I remember expecting my first child and hearing a friend warn, “Just you wait until you are up all night with a fussy baby.” Not too long later, when my son was barely crawling, I heard, “Just you wait until he is two! Those tantrums are something fierce!” As my son grew older, the warnings continued, “Just you wait until the school years when every evening is filled with homework and tears.”
And then the inevitable came, “Just you wait for the teen years.”
A Bad Rap
The teen years certainly have a bad reputation. For those of us willing to travel back in time in our minds to our own teen years, we likely understand why. It can be a challenging season of life—both for parents and teens.
It’s challenging for teens as they begin to see their separation and exit from childhood looming on the horizon. Along with that comes anticipation and excitement, mixed with uncertainty and a bit of angst. There’s an equal challenge for parents as they watch their teen begin to make decisions for themselves, navigate the often difficult terrain of friendships, and explore who they are as individuals apart from their family. There’s also the inevitable clash between parents and teens as they experiment and stretch the limits of their independence. Not to mention the difficulties parents face as they walk with their teens through the consequences of sinful choices.
While the teen years certainly have its challenges and troubles, we don’t have to face those years with dread. Adolescence doesn’t have to just be a necessary obstacle to get through on the way to adulthood. God is at work doing good things during those years, both in parents and in their teens.
What this means is, the challenges we face with our teens do not have the final say. That’s because the gospel is our hope in all seasons of life, including adolescence.
Sufficient Hope in the Gospel
The gospel has a lot to say to us as parents during the teen years.
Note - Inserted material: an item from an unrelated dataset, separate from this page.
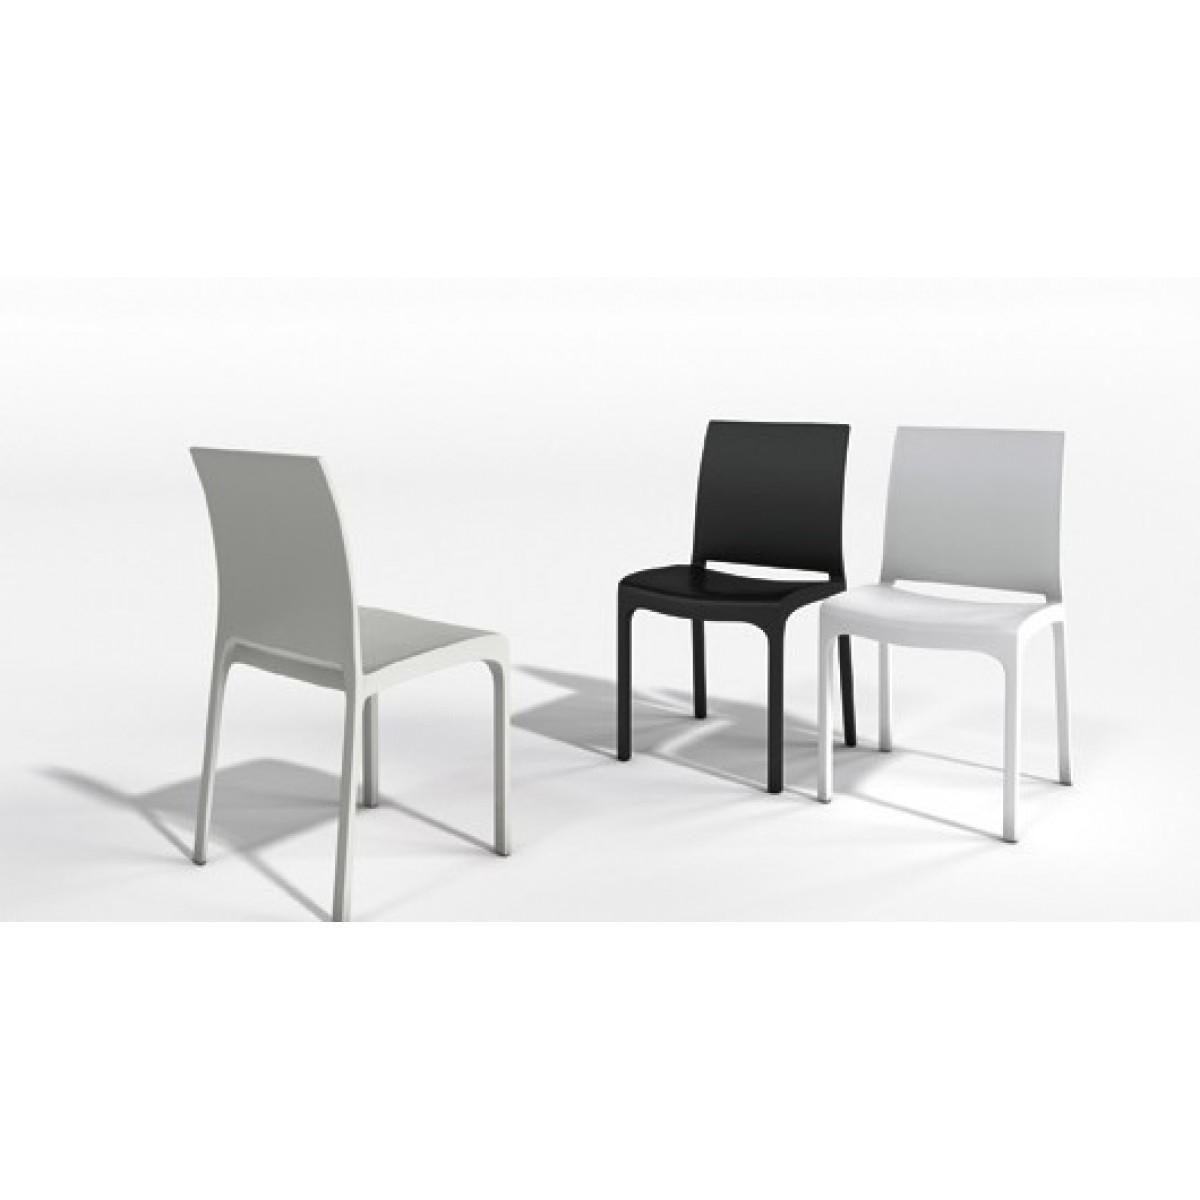 Sedia zamagna modello step sedie a prezzi scontati for Sedie moderne prezzi

The gospel—the truths of who Jesus is and what he came to do for us in his perfect life, sacrificial death, and triumphant resurrection—is sufficient to give us hope.
We often think of the gospel as a truth we assent to receive salvation in eternity. While faith in the gospel is the means by which we are justified, the gospel doesn’t just impact our lives in eternity; it impacts our lives in the here and now. Jesus’ perfect life lived for us is a crucial truth that impacts how we face our sin, suffering, and shame on a daily basis. His sacrifice for us at the cross shapes our repentance and how we view the sins of others. Even his resurrection reminds us by what power we live out our Christian life.
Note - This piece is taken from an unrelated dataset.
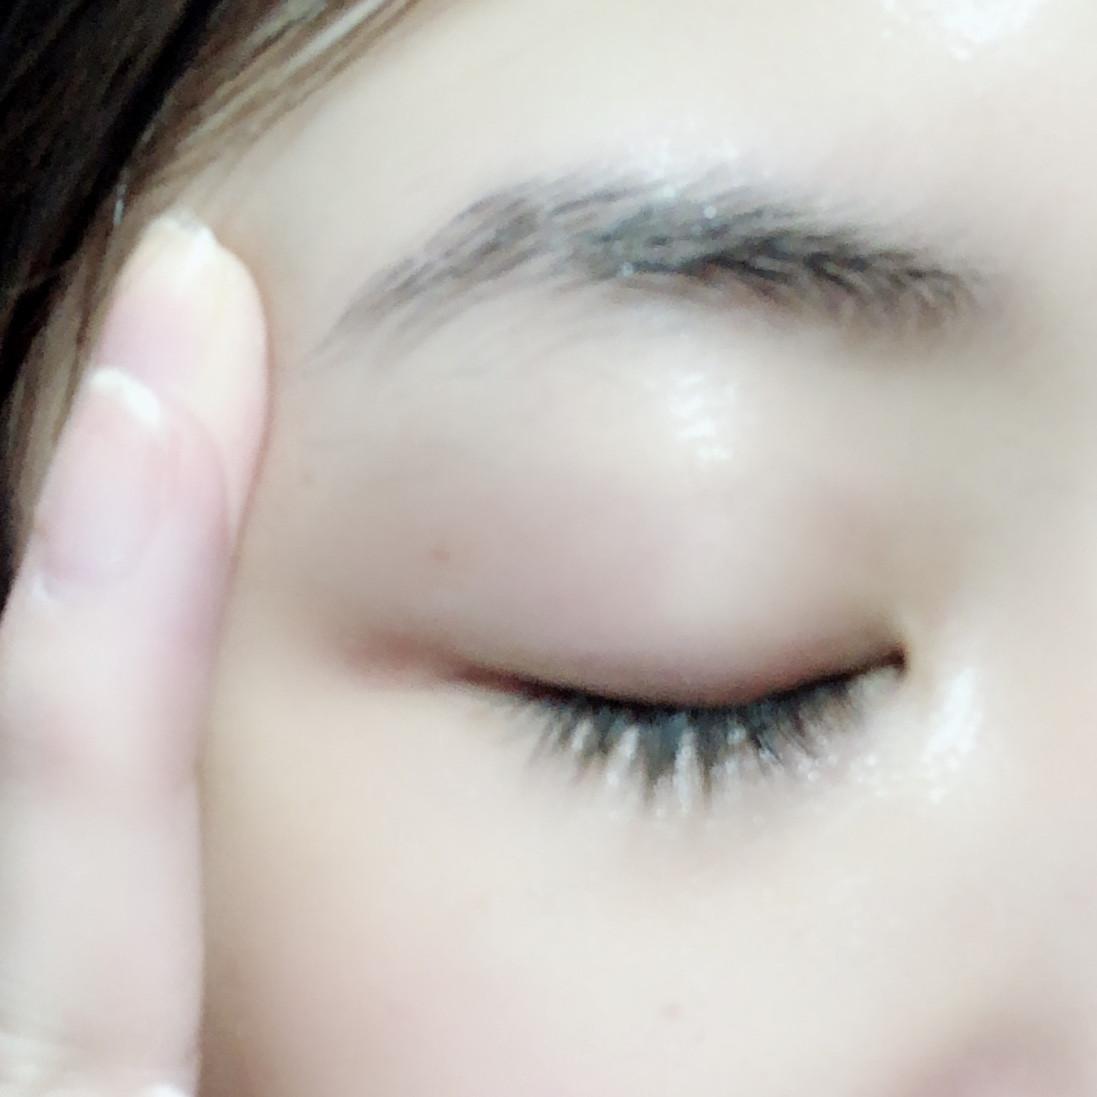 【アイクリーム】目もとの潤いが1日中つづく♩ベスト・オブ・ベスト「B.A アイゾーンクリーム」_1_4

When it comes to the teen years, the gospel reminds us that we are all sinners in need of rescue and redemption. As parents, we sin in our thoughts, words, and deeds. We sin against our children in a myriad of ways. Our children are also sinners. We stand before a holy God on level ground with our children, both needing the grace of God to bring us from death to life, to give us the gift of faith, to transform our hearts through the work of the Spirit, and to bring us to the finish line in victory.
This means that while God uses us as parents to teach and instruct our children in the gospel, the ultimate trajectory of their hearts is in God’s hands. We have to trust and depend on God to be at work in our children, to bring them to faith and transform them into the likeness of his Son. We have to rest and rely on his grace, not on our parenting methods or strategies. This means we also have to understand how God works— through our trials and hardships, mistakes and failures, fears and sorrows— to show us how much we need him. We can expect that he will use such means in the lives of our children to show them their constant need of the gospel of grace.
The gospel also gives us hope when we worry and fear for our teens. The gospel reminds that Christ left the halls of heaven, entered this sin-stained world, and took on human flesh. He experienced all that we experience: temptation, loss, rejection, sorrows, and poverty—yet never sinned. This means he knows what life is like in this fallen world. He knows the hardships, challenges, and temptations our teens face. The book of Hebrews tells us, “because he himself has suffered when tempted, he is able to help those who are being tempted” (Hebrews 2:18). And because of what Christ has done, we can with “confidence draw near to the throne of grace, that we may receive mercy and find grace to help in time of need” (Hebrews 4:16).
When we don’t know what to do or how to respond to our teens, the gospel also reminds us that Christ is wisdom for us. Colossians tells us it is in Christ “in whom are hidden all the treasures of wisdom and knowledge” (2:3). He is all for us that we can’t be. Through the gospel, his righteousness is given to us. We can turn to him and his word to find the wisdom we need to navigate the teen years. And we can rest in his righteousness for us and for our teens.
The gospel is sufficient hope in all transitions of life, including the teen years. The question for parents with teens is, will we look to those years with dread? Will we be those parents who tell other moms and dads with young children, “Just you wait for the teen years?” May we be parents who look at the teen years with a gospel lens and see Christ at work in us and in our teens.